_Problem description:_ After locating the line with "Kaleidoscope Videos On" in the entries below, output it and each following line up to and including the line with "Jeff's Auto", exactly and without pictures.

_Data in this exercise:_
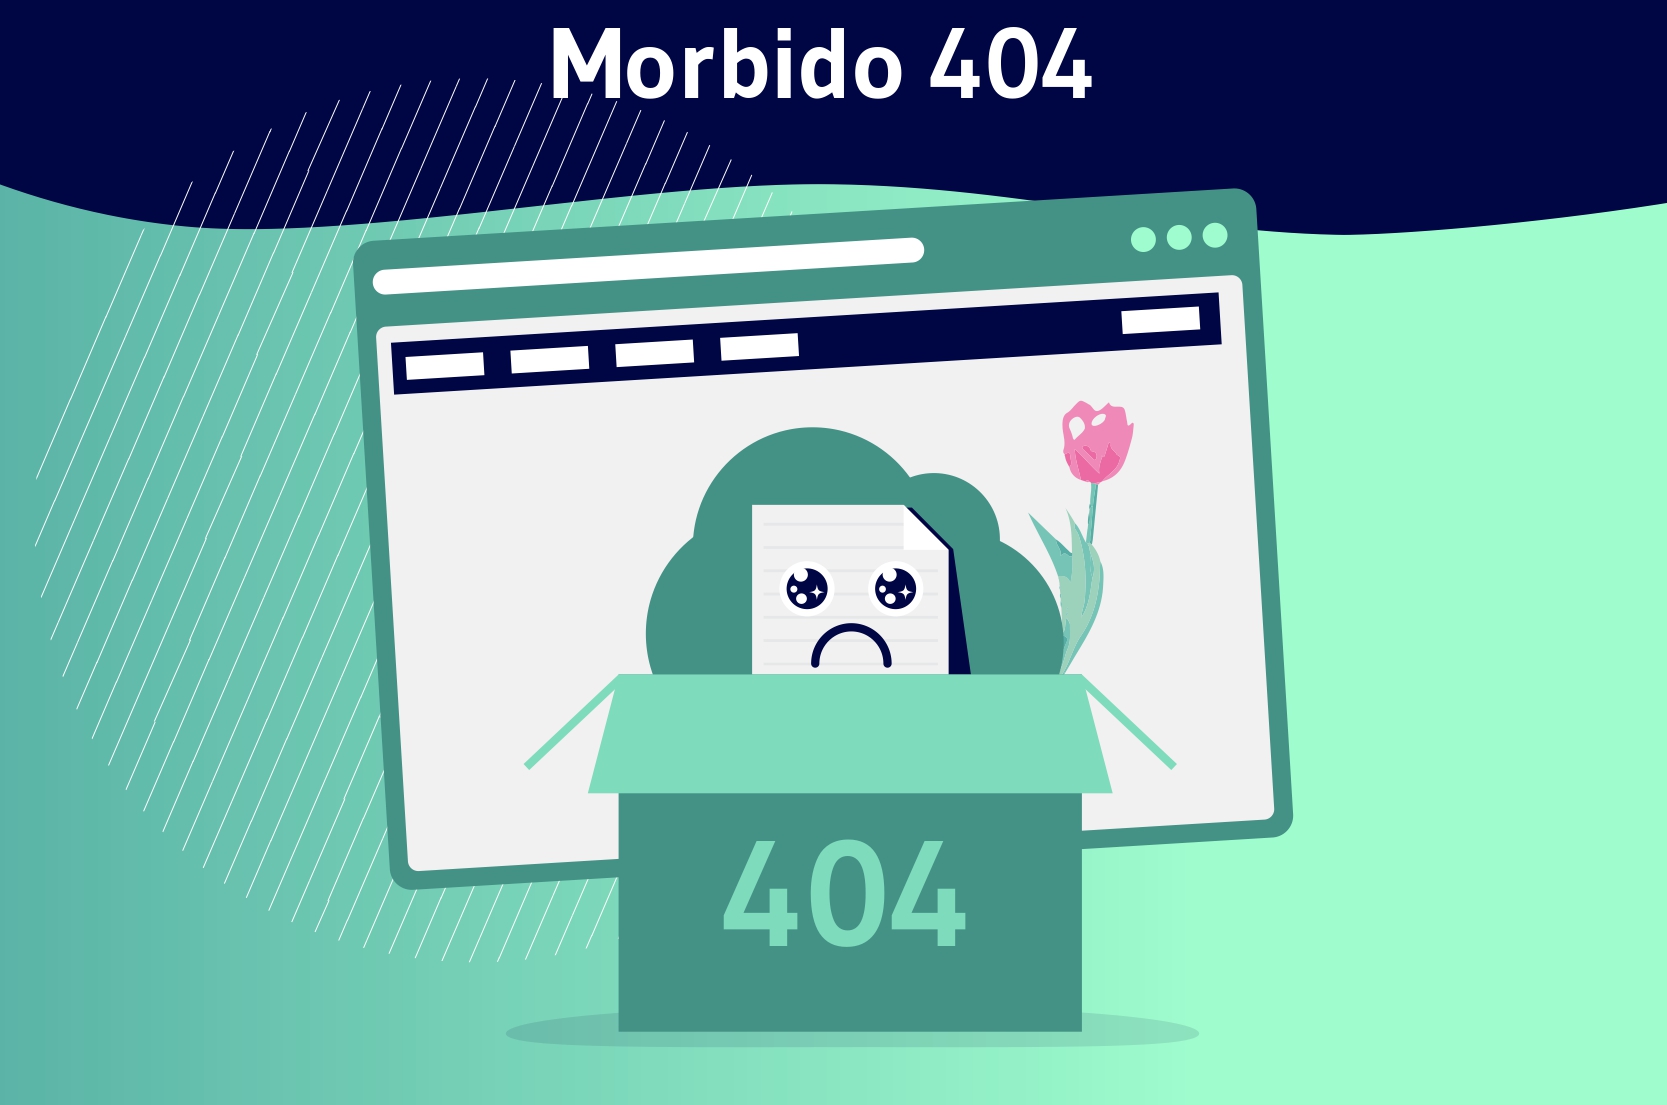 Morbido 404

==

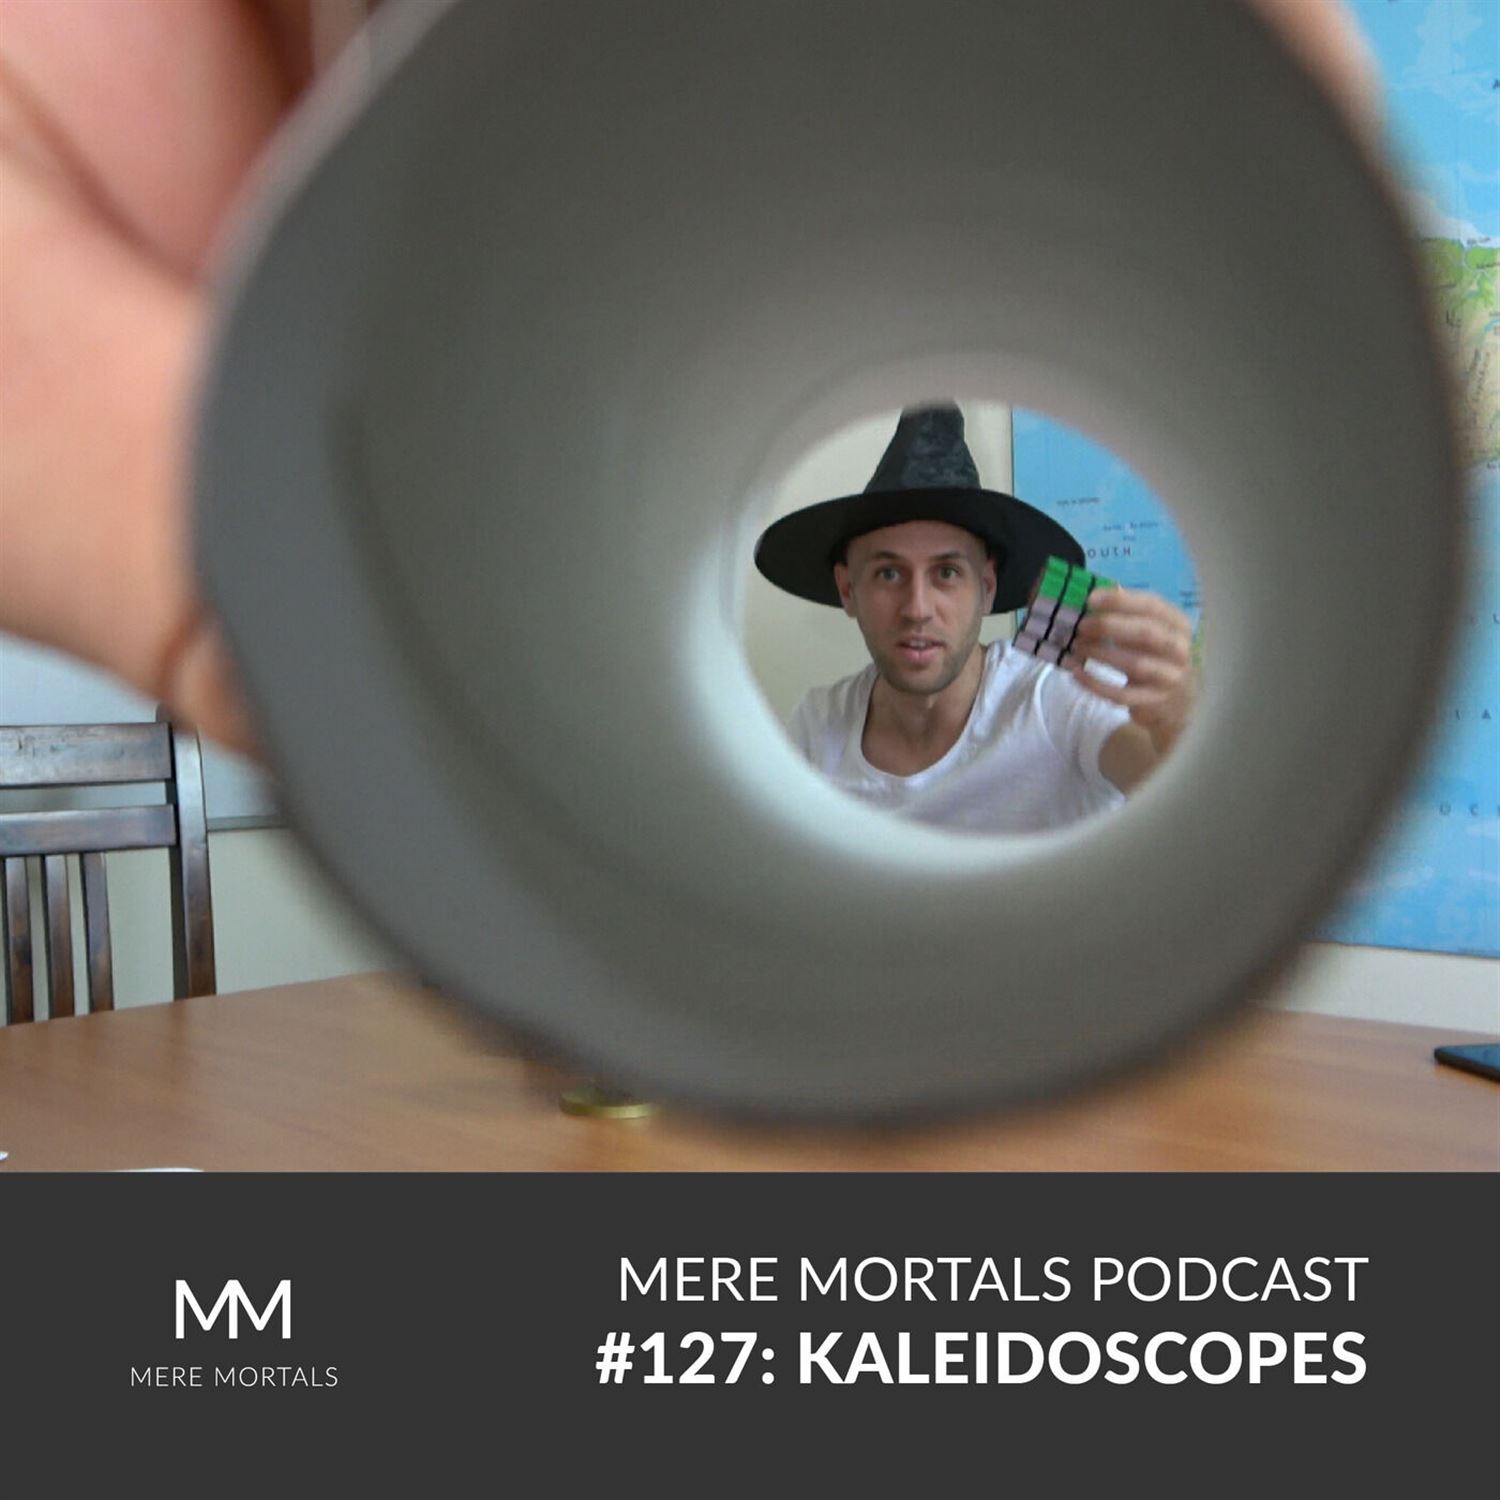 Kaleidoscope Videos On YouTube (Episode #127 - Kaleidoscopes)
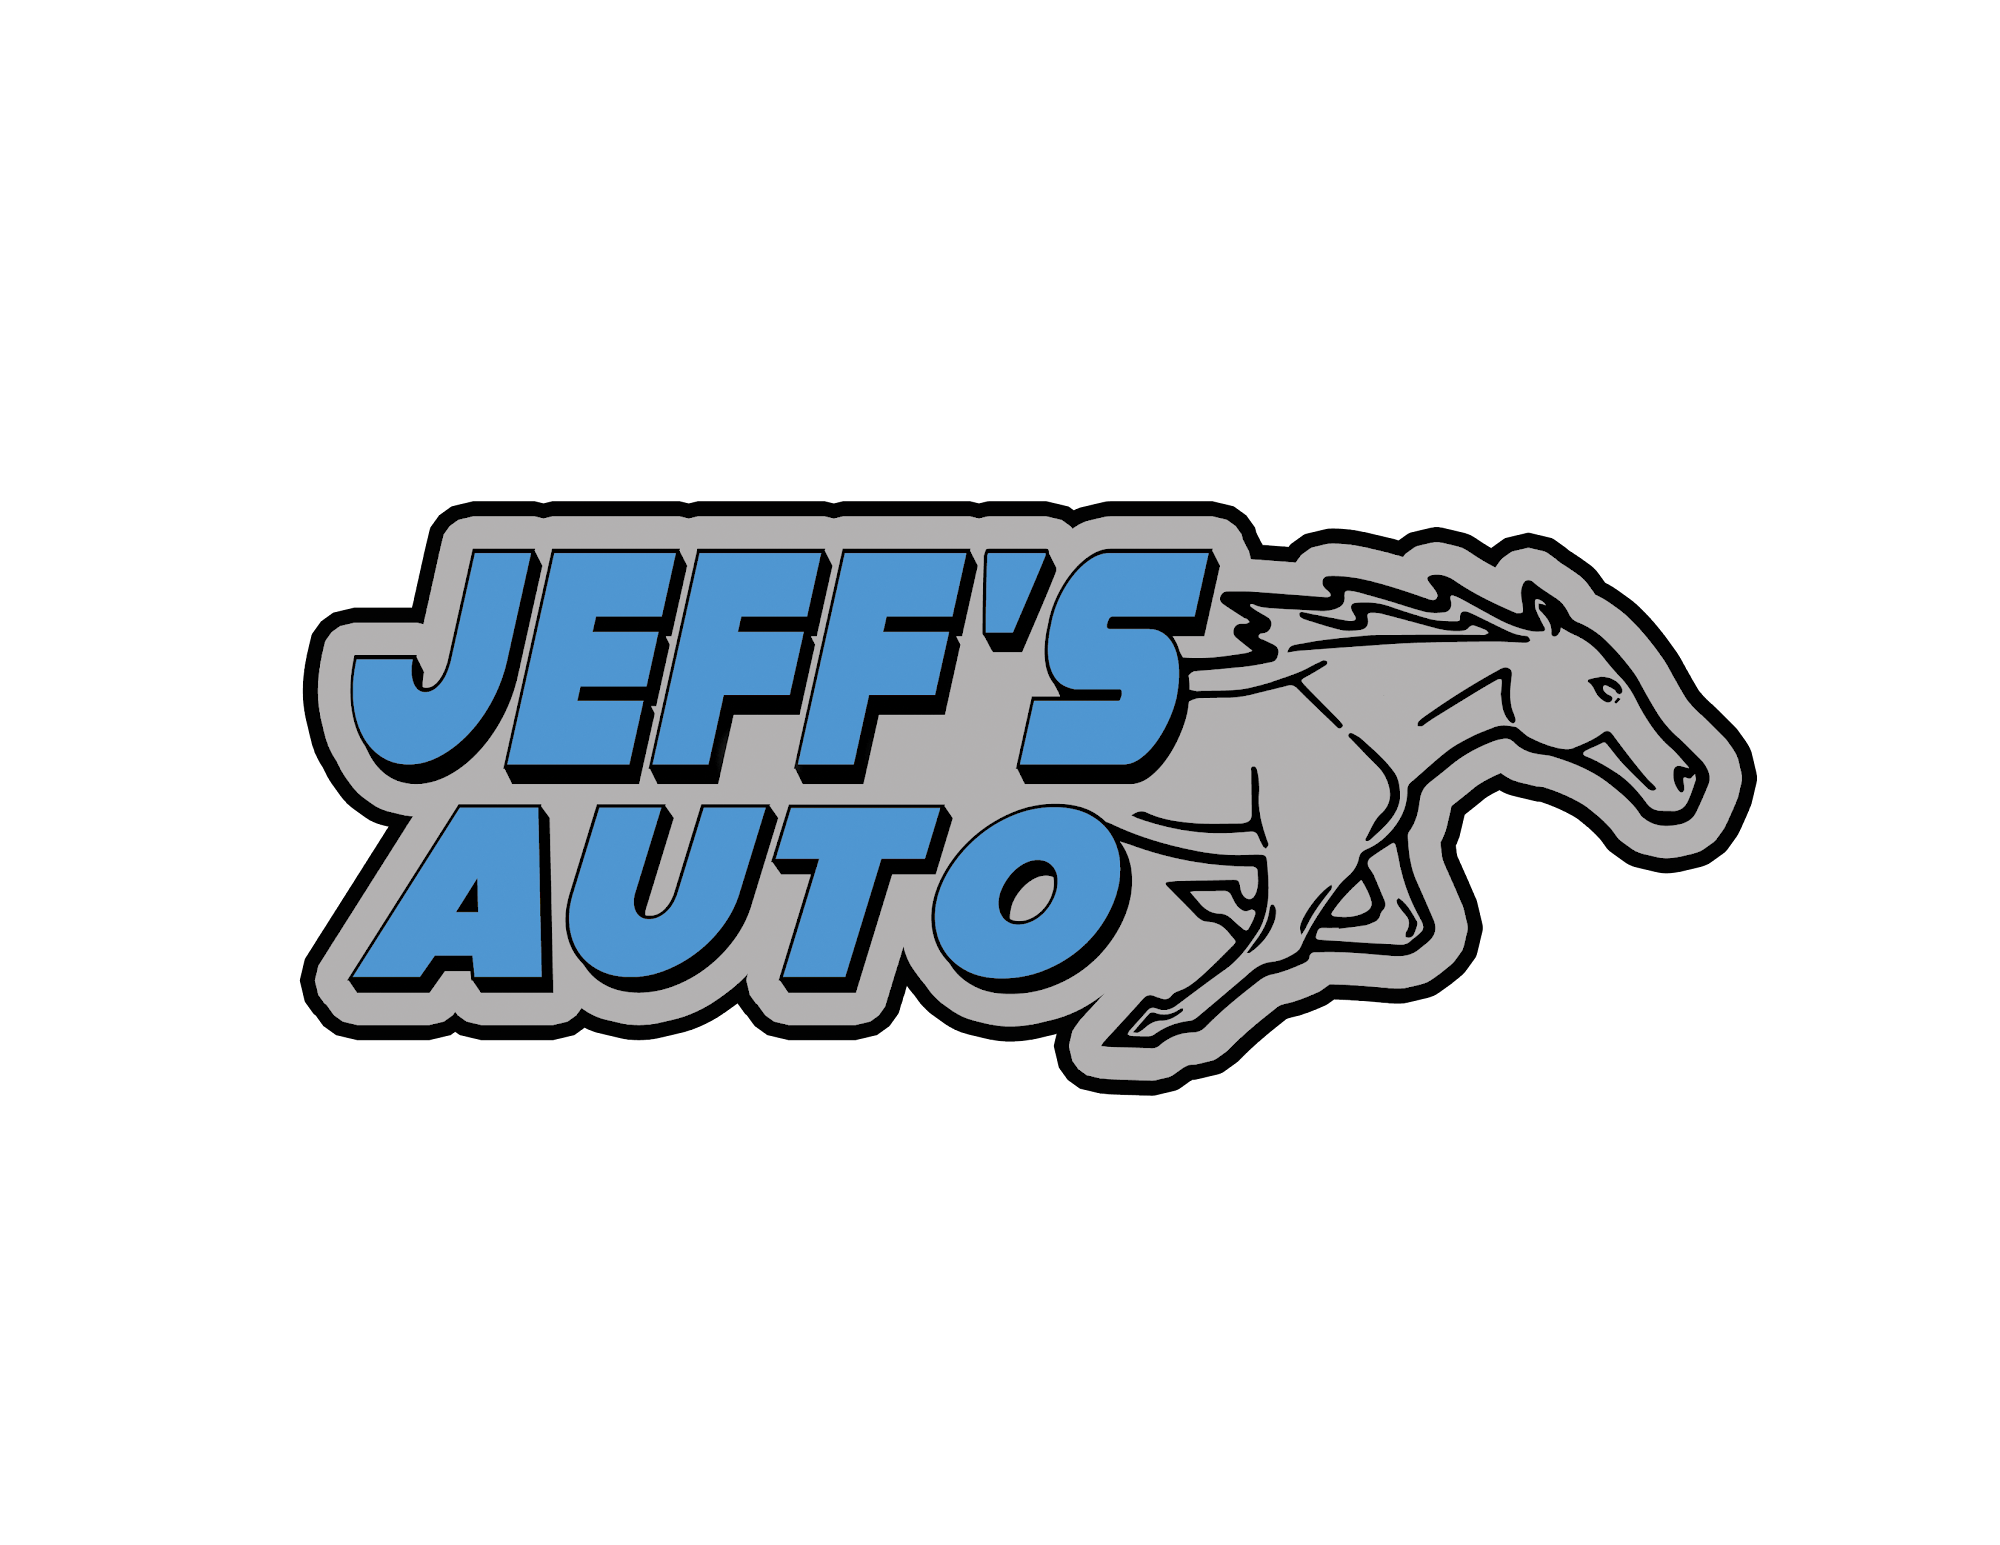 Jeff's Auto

_The answer:_
 Kaleidoscope Videos On YouTube (Episode #127 - Kaleidoscopes)
 Jeff's Auto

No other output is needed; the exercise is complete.